My answer will be based on the igraph package in R. The situation is really rather confusing, and the questions are relevant, because, as Newman (2004) says,
Since the publication of this work, the author has been given a time number whether there is an appropriate generalization of the algorithm for weighted networks.
In his article, he receives an appropriate generalization of the Newman-Girvan algorithm for weighted networks.
Weight
You are correct in interpreting weights in the Newman-Girvan algorithm. edge_betweenness uses a formula similar to the formula (Brandes, 2001), where the path length is defined as the sum of the weights of its edges. (You can also check the source code , but this is very important). In ?edge_betweenness and in particular ?cluster_edge_betweenness it says
Boundary weights are used to calculate the weighted boundary between them. This means that the edges are interpreted as distances, and not as joining strengths.
The consequences are as follows. Let b (e, w) be the boundary inter-population of the edge e with weight w. Then you can show (I could develop, if you want) that
b (e, w) <= b (e, w *) if and only if w> = w *.
That is, the difference between the boundaries and the weight e is inversely proportional. The main idea is that the given one, for example, w * β w, those very shortest paths that crossed e now, will most likely dominate some other paths that do not include e. Consequently, greater weight implies a (weakly) lower civil strife, and lower civil strife makes it less likely that e will be recognized as the edge connecting the two communities. So it sounds weird if we see weights as distances. On the other hand, if e is within a certain community, and we are reducing its weight, then the number of shortest paths through this facet is potentially increasing, and this becomes more likely, as a combination of two communities. However, I am not yet claiming anything about the relevant modularity metrics.
Now suppose that the weights do correspond to the strength of the joint. Then the stronger the connection, the fewer shortest paths will go through this edge (because we still need to calculate them), the lower its border between them, the less likely it will be removed. So that makes sense.
What is not pleasant or rather strange is that the path length is now defined as the sum of its bond strength. However, we can reformulate the algorithm. Suppose that scales β 1 in communities and <1 between them. Then we can interpret the length of the path as the confidentiality of this path (for example, the path within the community will contain many close interactions, and the edge connecting the two communities will be somewhat open, open). Given this interpretation, the algorithm will look for the least private / most open paths and calculate the corresponding among themselves. Then we will remove edges that belong to many of the most open paths.
So maybe Iβve made a mistake somewhere, but it seems like it would be wiser to see weights as the strengths of the mix.
Newman (2004) does something related:
... we will specifically consider those networks in which the weights at the edges take higher values ββfor pairs of vertices that are closer or more similar to each other.
It would seem that this should make sense. However, in order to preserve a more natural definition of the shortest path, he writes:
You can define paths in a weighted network by assuming that the βlengthβ is an edge that changes inversely with its weight, so that two vertices that are connected are twice as strong as twice as much from each other.
That is, the shortest path lengths are now inversely related to weights. Since not doing this seemed to give good results, now we have a problem:
To see this, note that any two vertices that are especially strongly connected to each other will have a particularly short distance along the edge between them. Thus, the geodesic paths will be ceteris paribus, prefer to flow along such an edge, another longer edge between two less well connected peaks and therefore closely connected pairs will tend to attract many paths and acquire a high degree. This means that, as a rule, we are more likely to remove the edges between well-connected pairs than we are between weakly-connected pairs, and this is the exact opposite of what we would like to do the algorithm.

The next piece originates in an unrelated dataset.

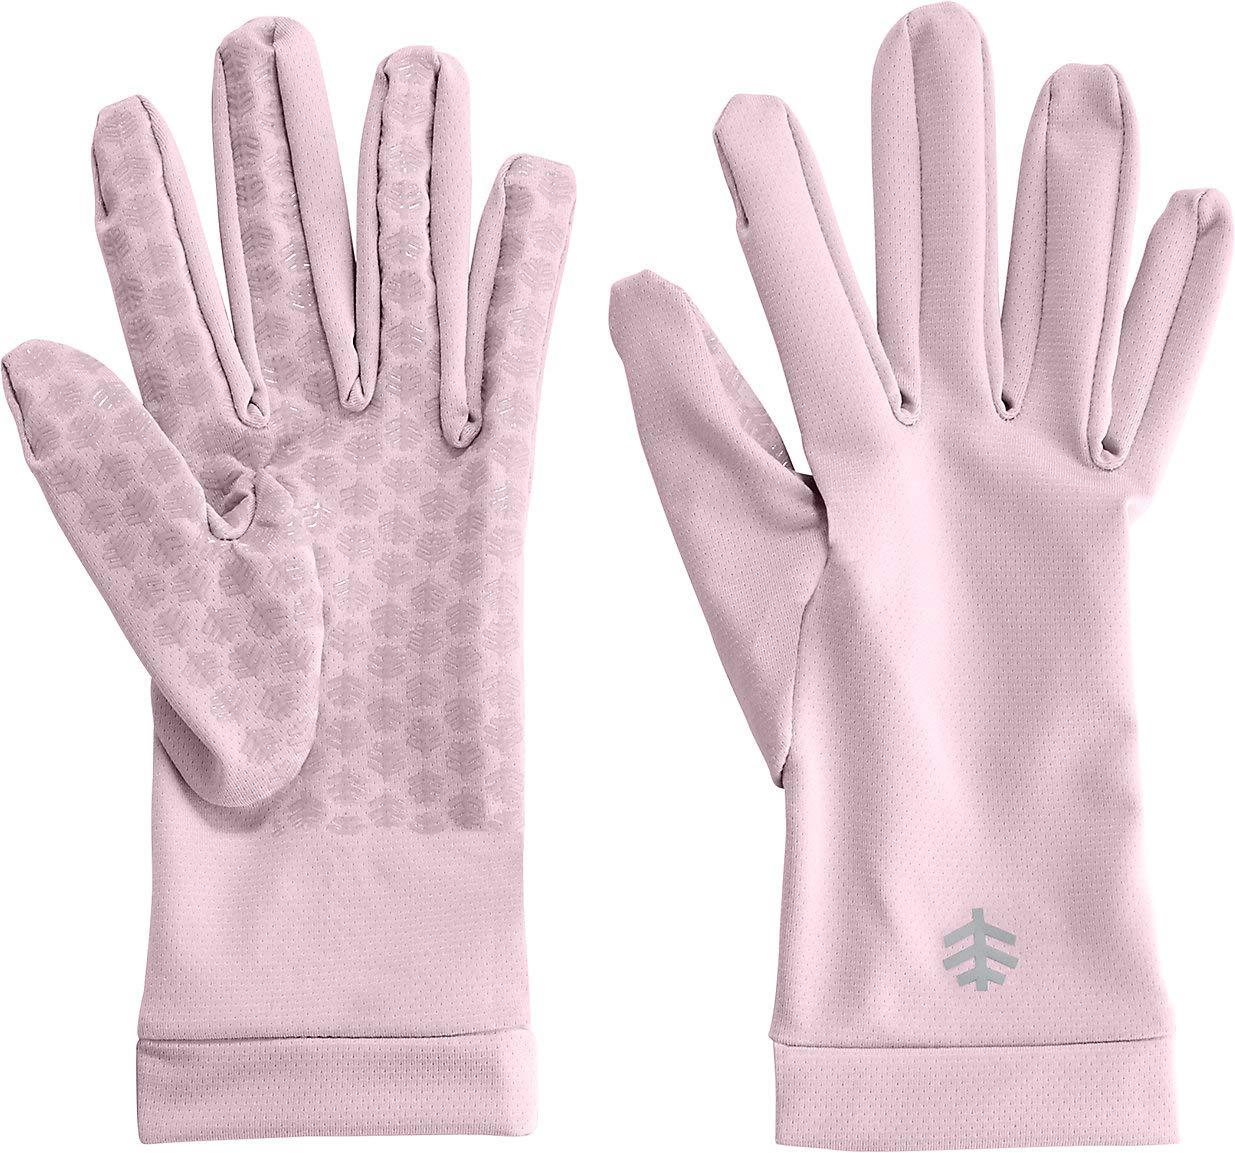 Coolibar UPF 50+ Unisex Sun Gloves - Sun Protective (X-Small- Dusty Mauve)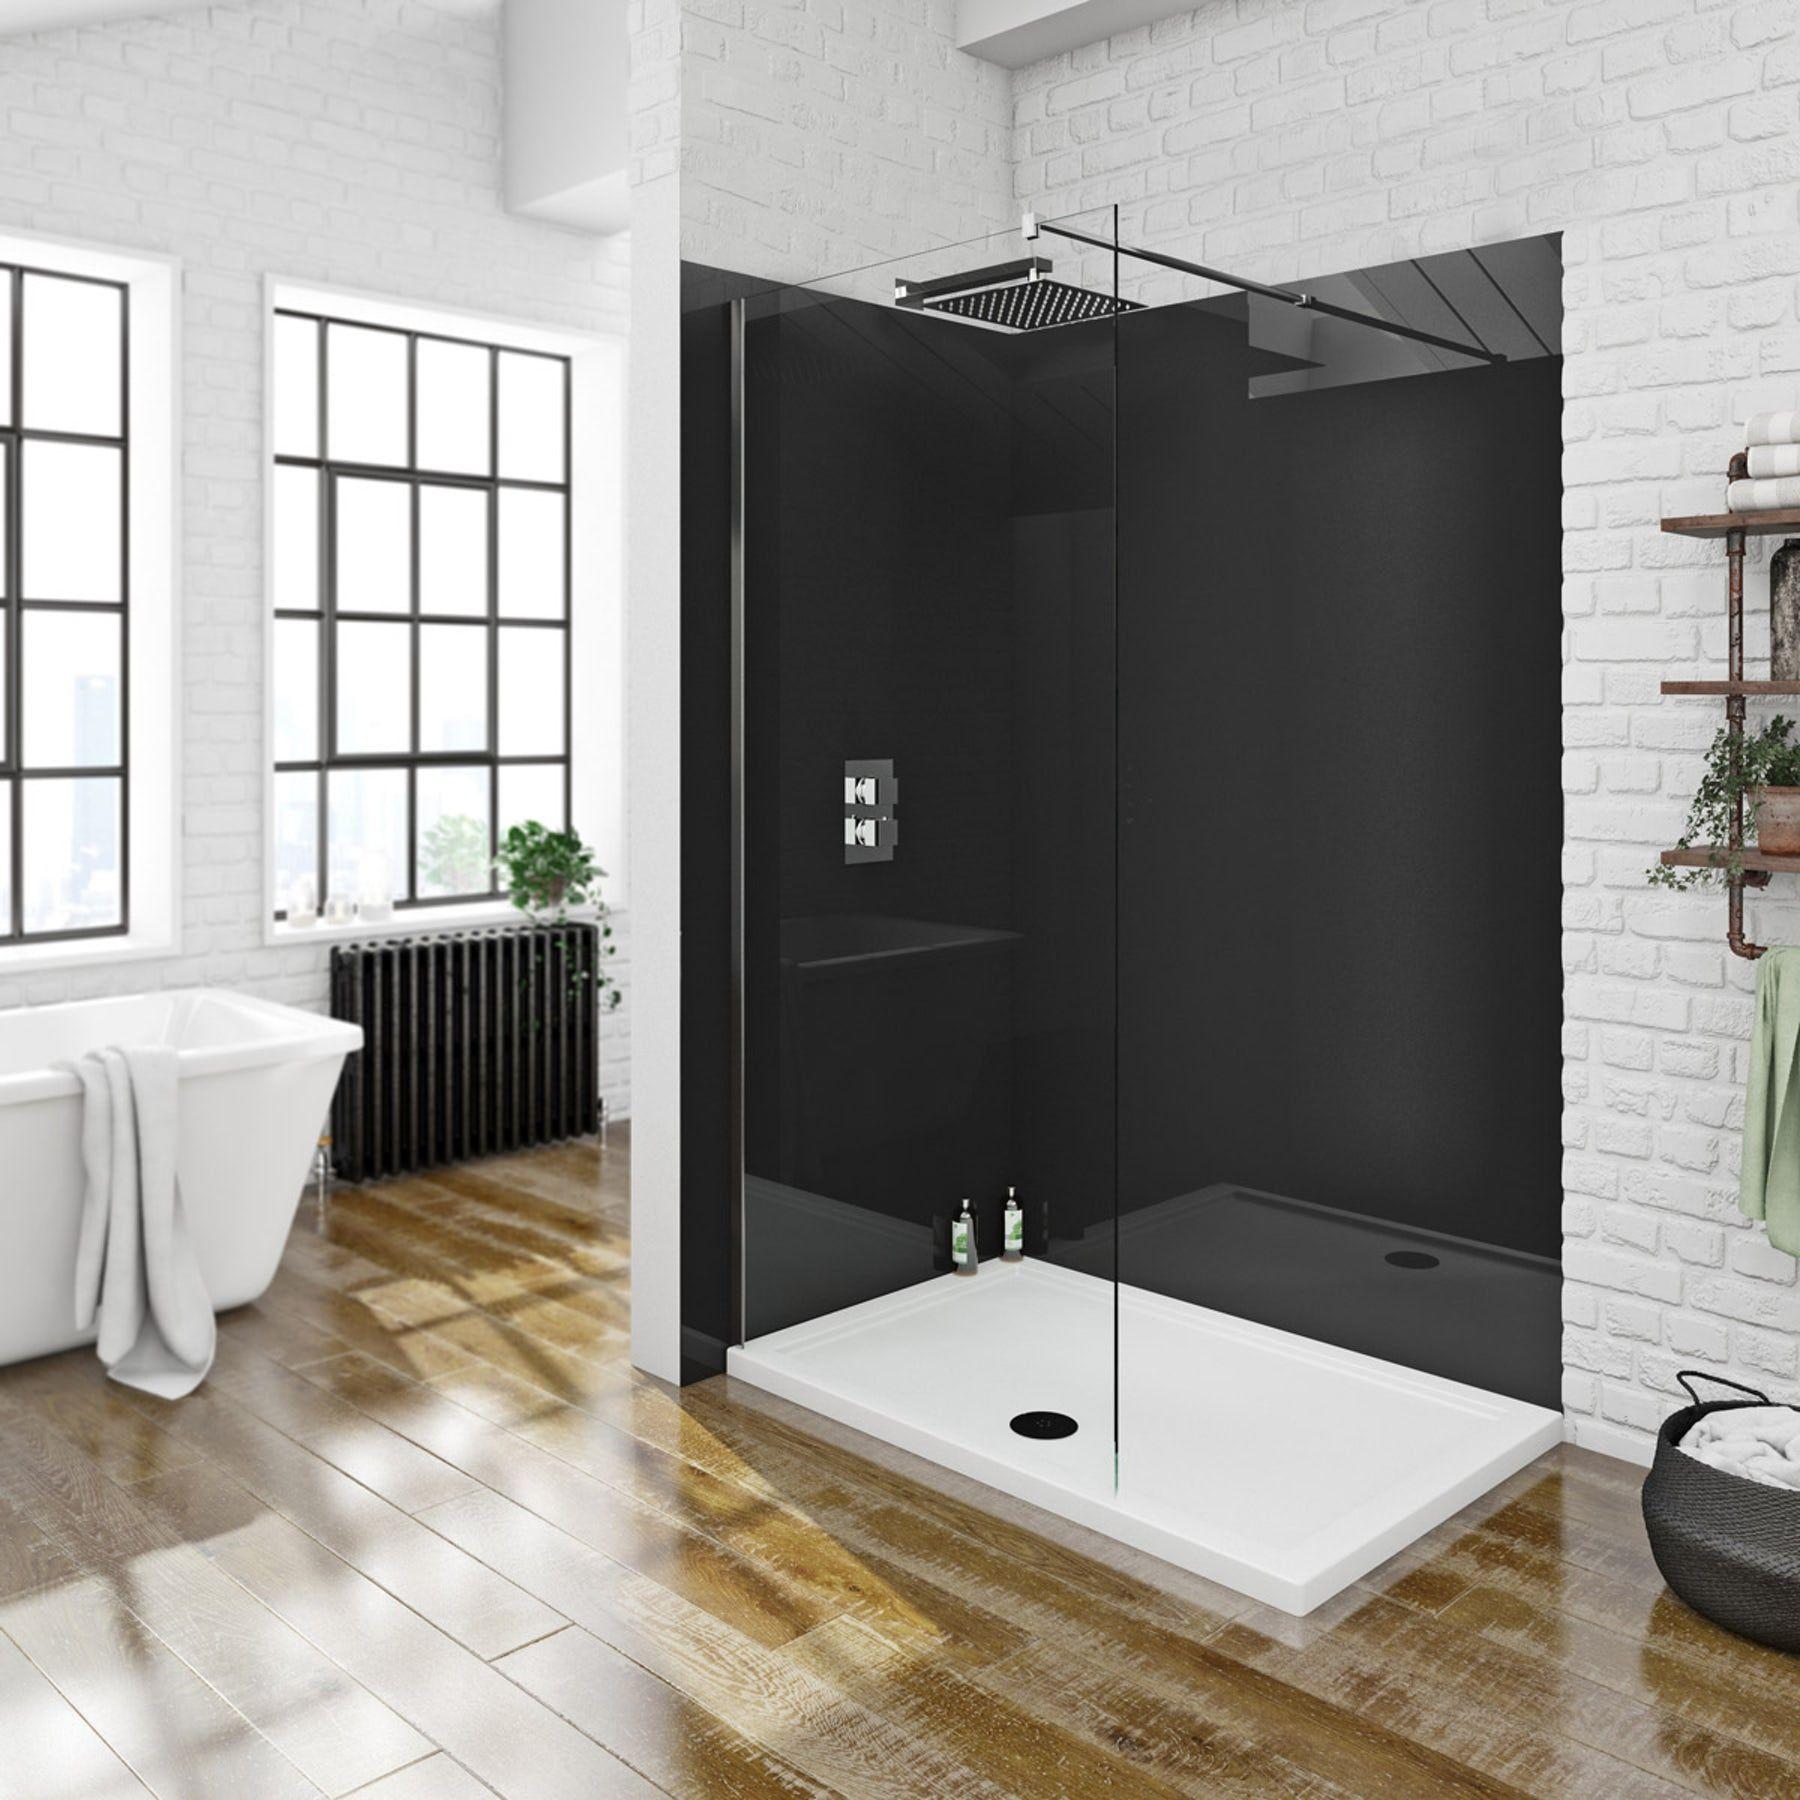 Zenolite Plus Jet Acrylic Shower Wall Panel 2070 X 1000 Victoriaplum Com Acrylic Shower Walls Shower Wall Panels Shower Wall

What is the result that I described when we see weights as distances. As I mentioned at the beginning of the answer, to examine this, Newman (2004) proposes to compare weighted graphs with unweighted multigraphs, and then act in exactly the same way as in the standard case. I believe that this idea of ββa multigraph can be realized by setting weighted = NULL , but not having a binary adjacency matrix (when defining a graph, see weighted in ?graph_from_adjacency_matrix ).
Modularity
First of all, you can use modularity with weighted graphs, as Newman (2004) does, which is not a problem. In general, it is not so obvious how the use of weights affects modularity, as the choice of the number of communities. I may add a few examples with R. It seems that there should be an improvement over the unweighted case, as Newman (2004) believes, when the interpretation corresponds to the method of the algorithm. Otherwise, I think that the structure of the graph and the weights themselves can be very important to describe the degree of how far we get from the truth.
References
Newman, ME, 2004. Weighted Network Analysis. Physical review E, 70 (5).
Brandes, U., 2001. Faster centrality algorithm. Journal of Mathematical Sociology, 25 (2), pp. 163-177.